PROBLEM STATEMENT: Pictures stay out of the copy. Transcribe exactly the lines from the line with "Source of Life" through the final line of the records.
*** PROVIDED ENTRIES Section Begins ***
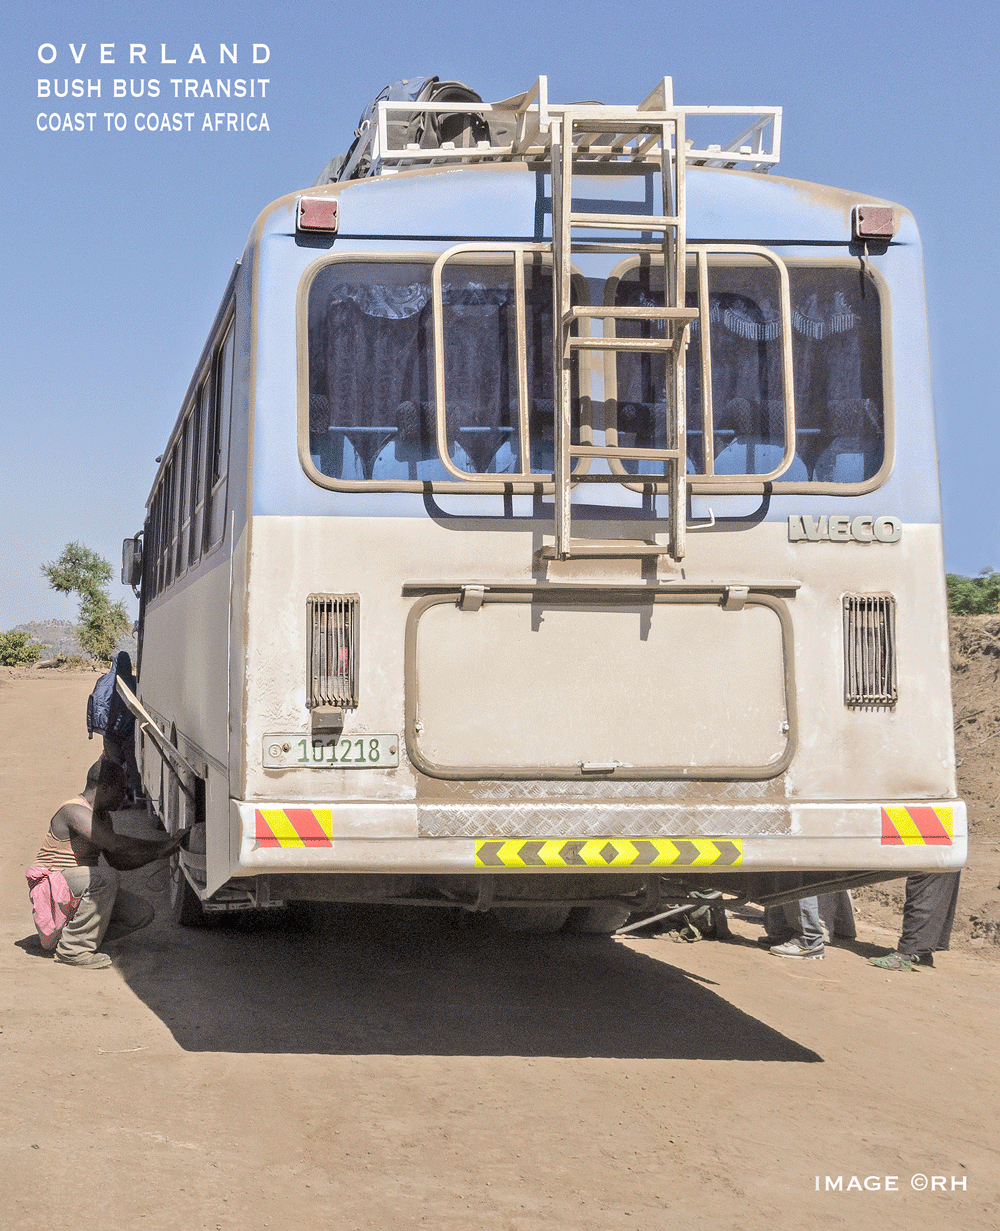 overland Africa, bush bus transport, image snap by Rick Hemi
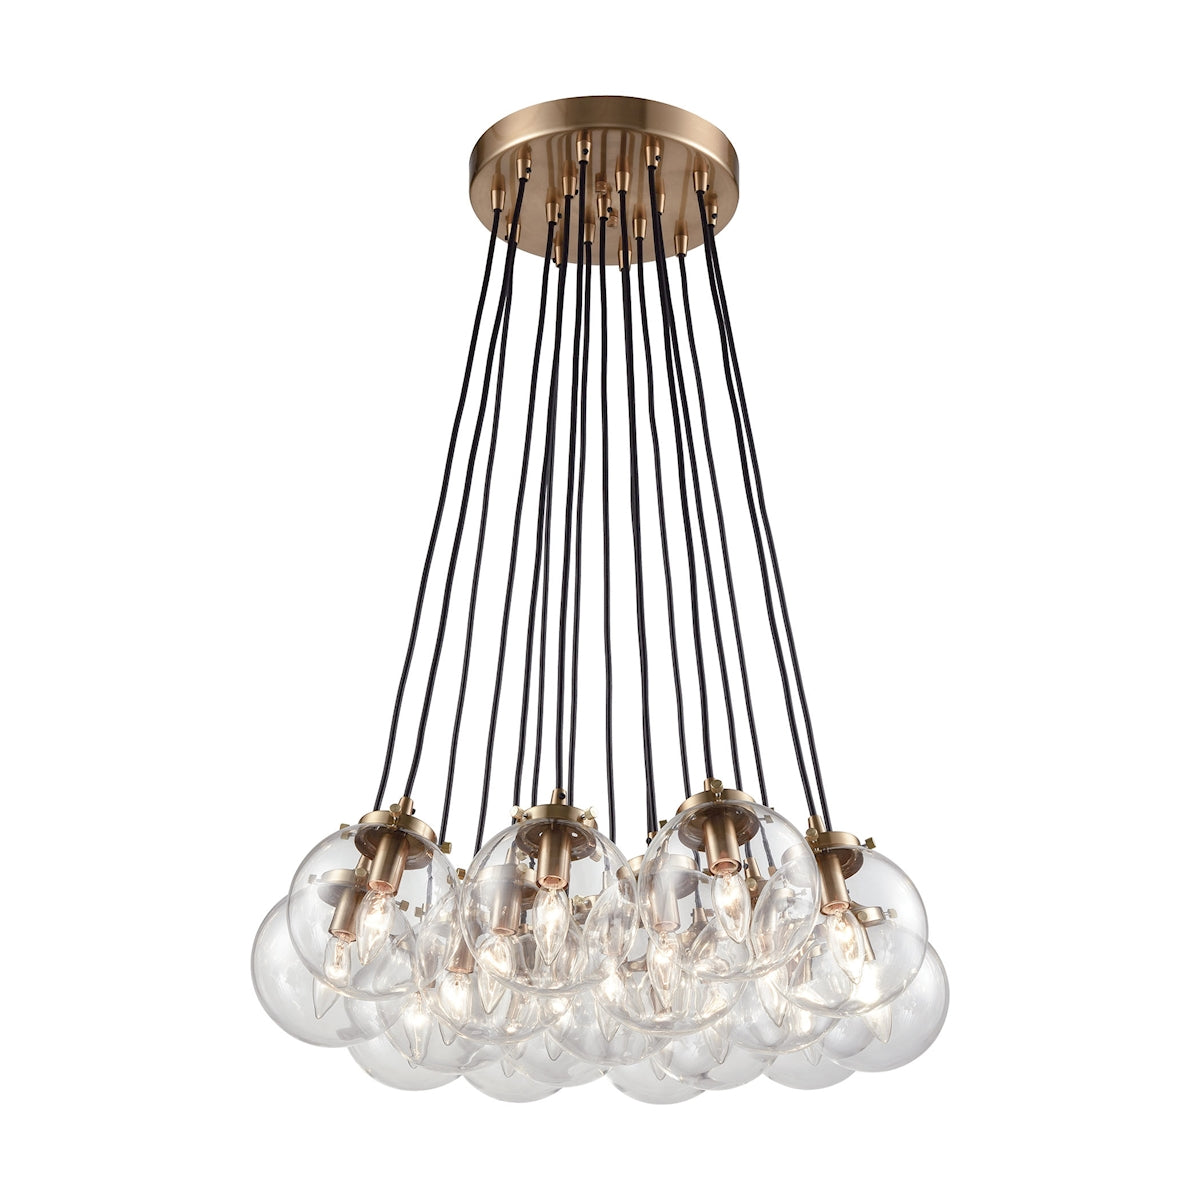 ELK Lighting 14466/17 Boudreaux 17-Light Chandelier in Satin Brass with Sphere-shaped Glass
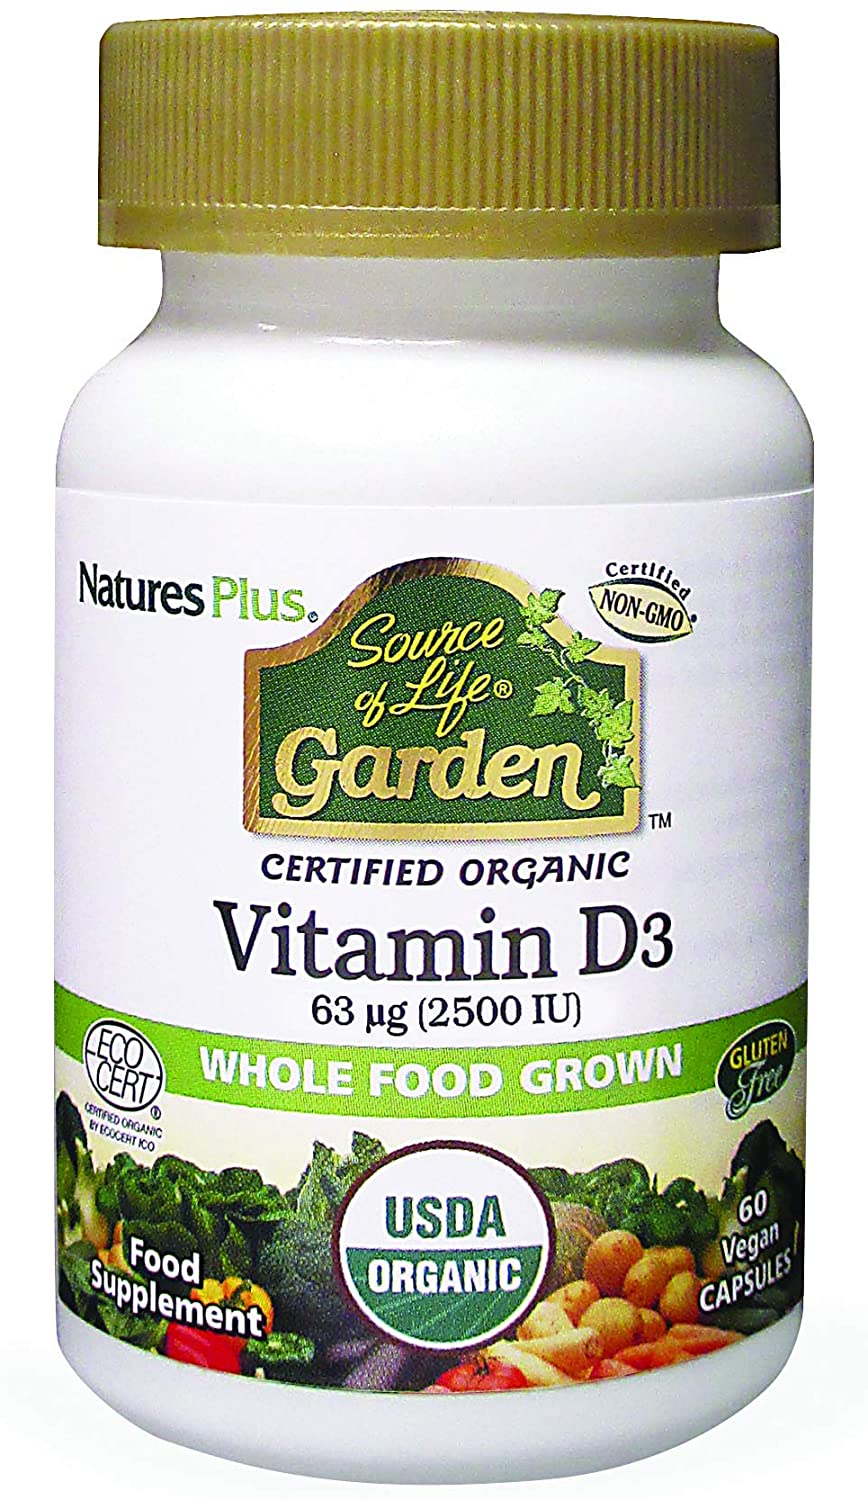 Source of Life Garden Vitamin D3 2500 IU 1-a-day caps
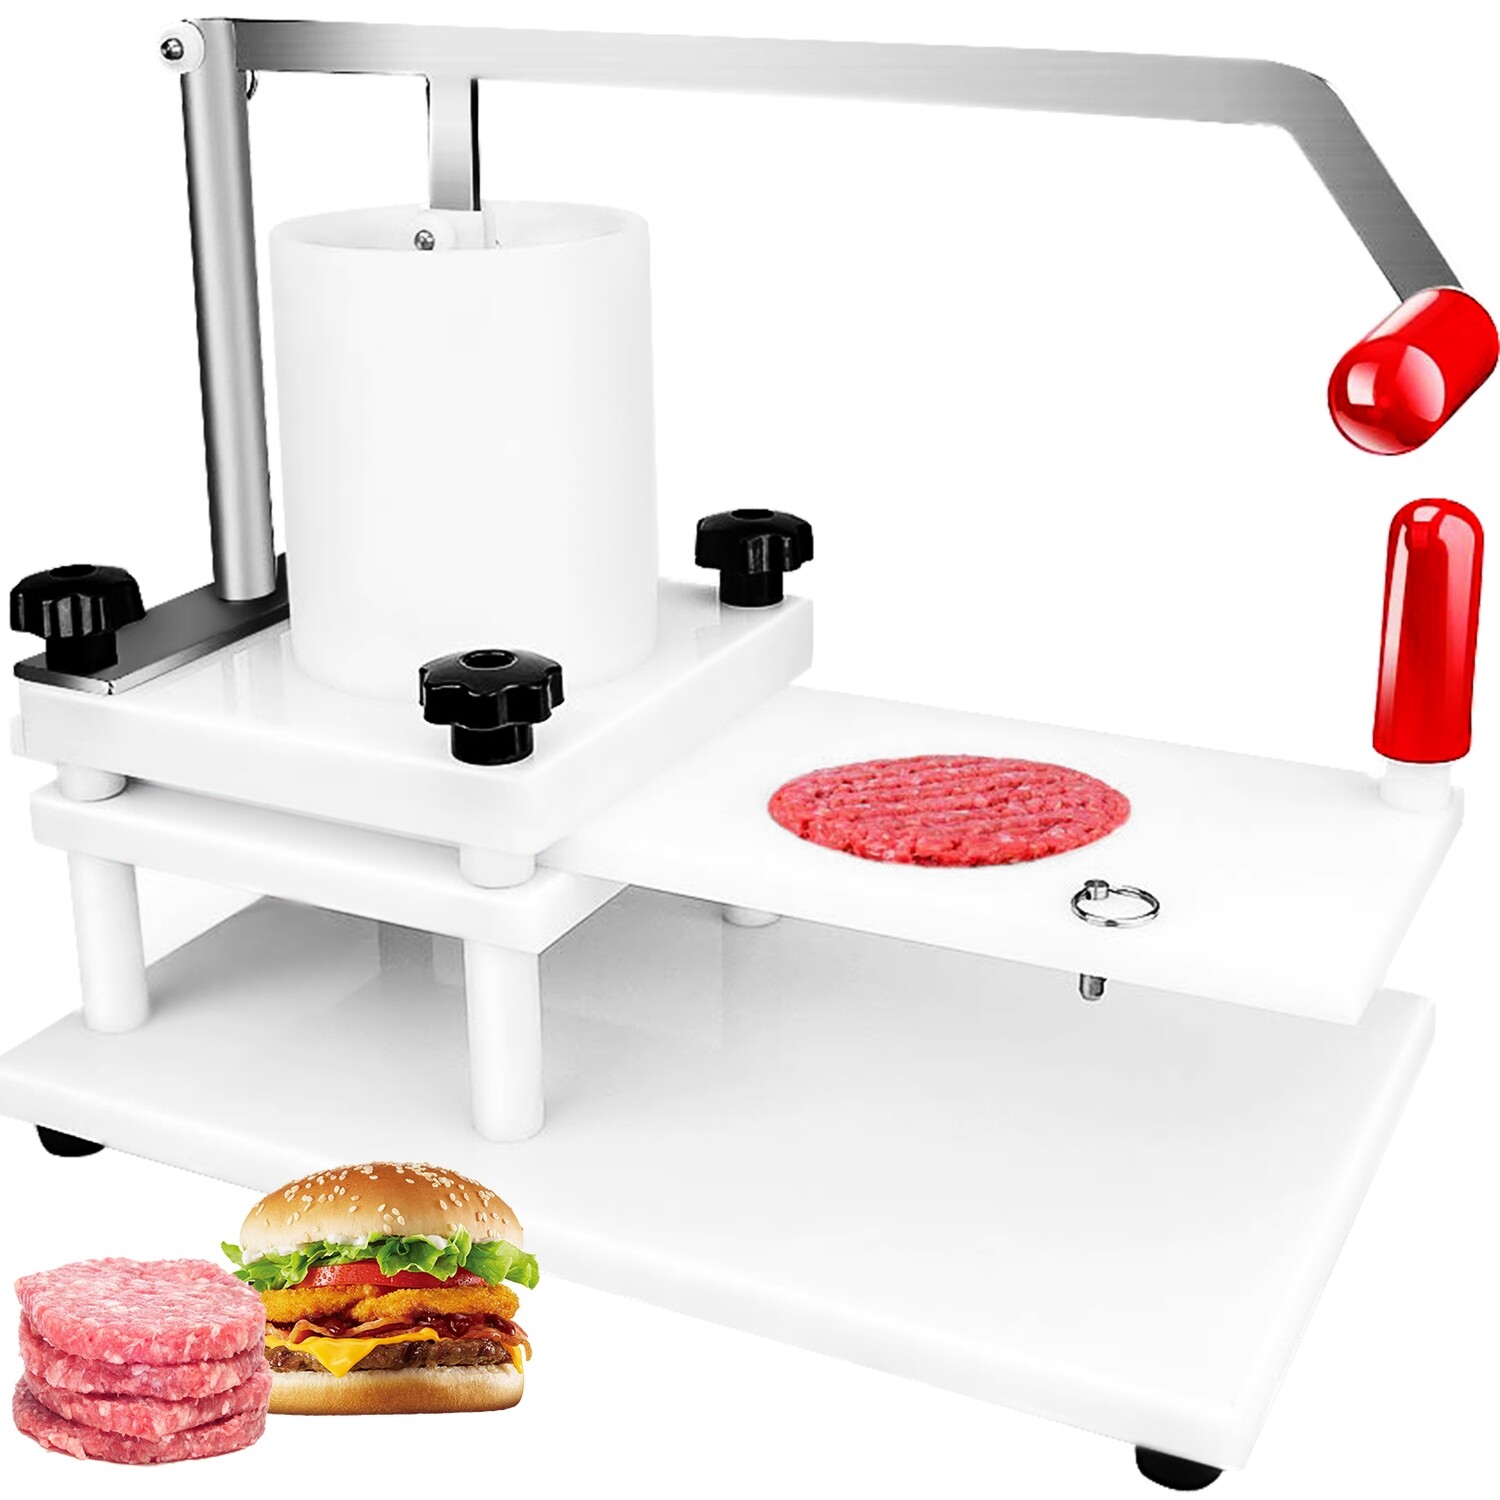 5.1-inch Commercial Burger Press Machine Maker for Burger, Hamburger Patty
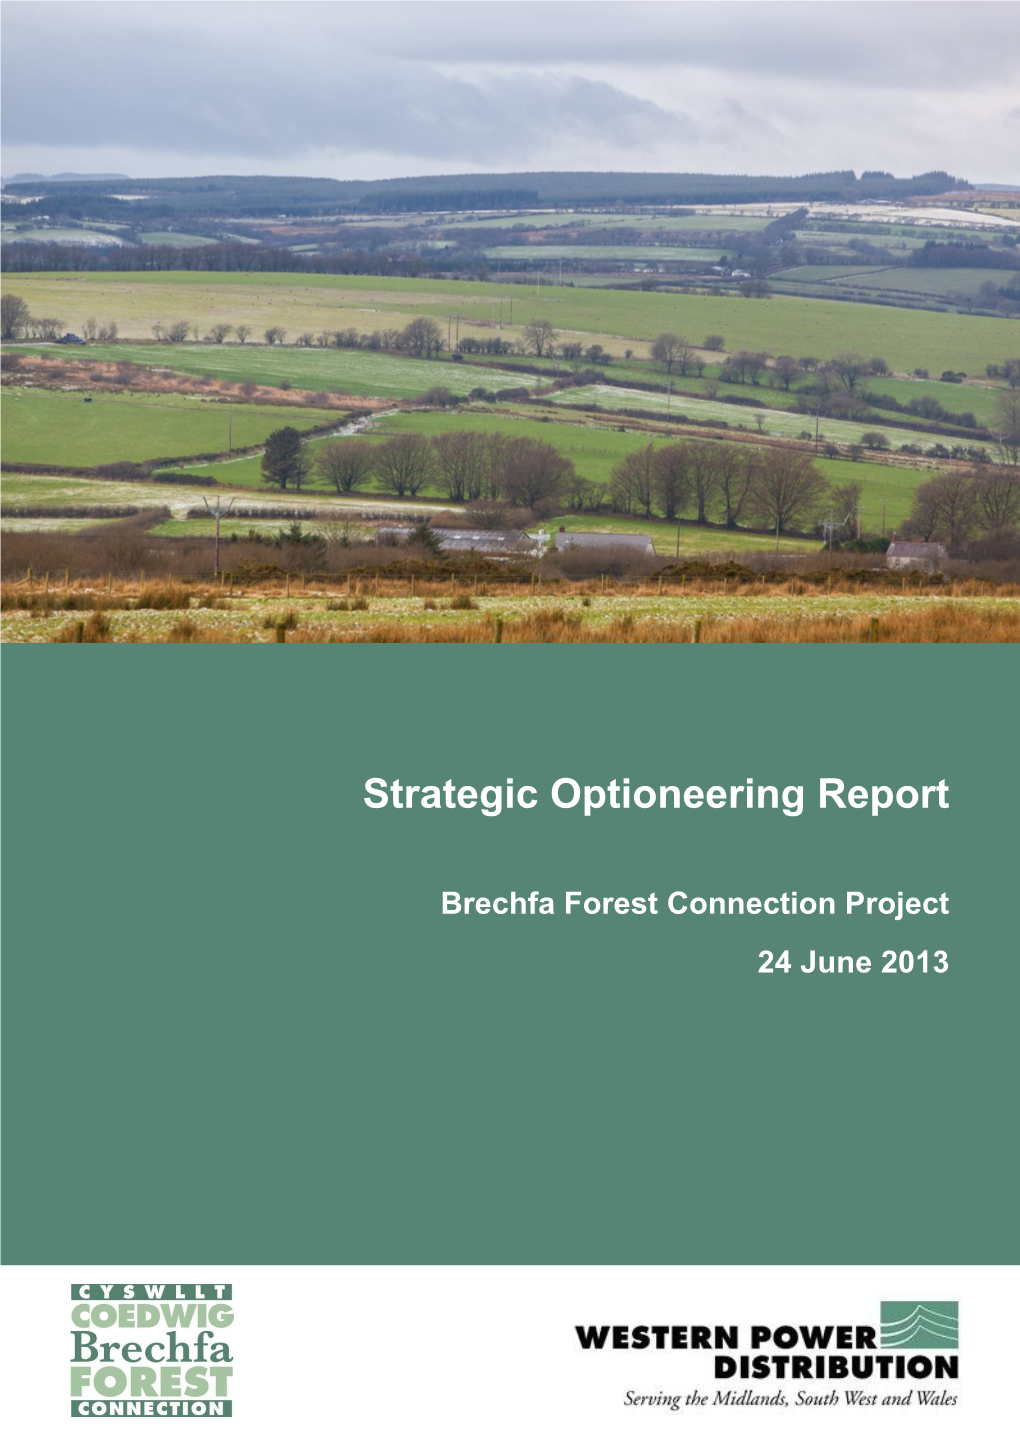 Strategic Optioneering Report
*** PROVIDED ENTRIES Section Ends ***
RESPONSE TO THE EXERCISE:
 Source of Life Garden Vitamin D3 2500 IU 1-a-day caps
 5.1-inch Commercial Burger Press Machine Maker for Burger, Hamburger Patty
 Strategic Optioneering Report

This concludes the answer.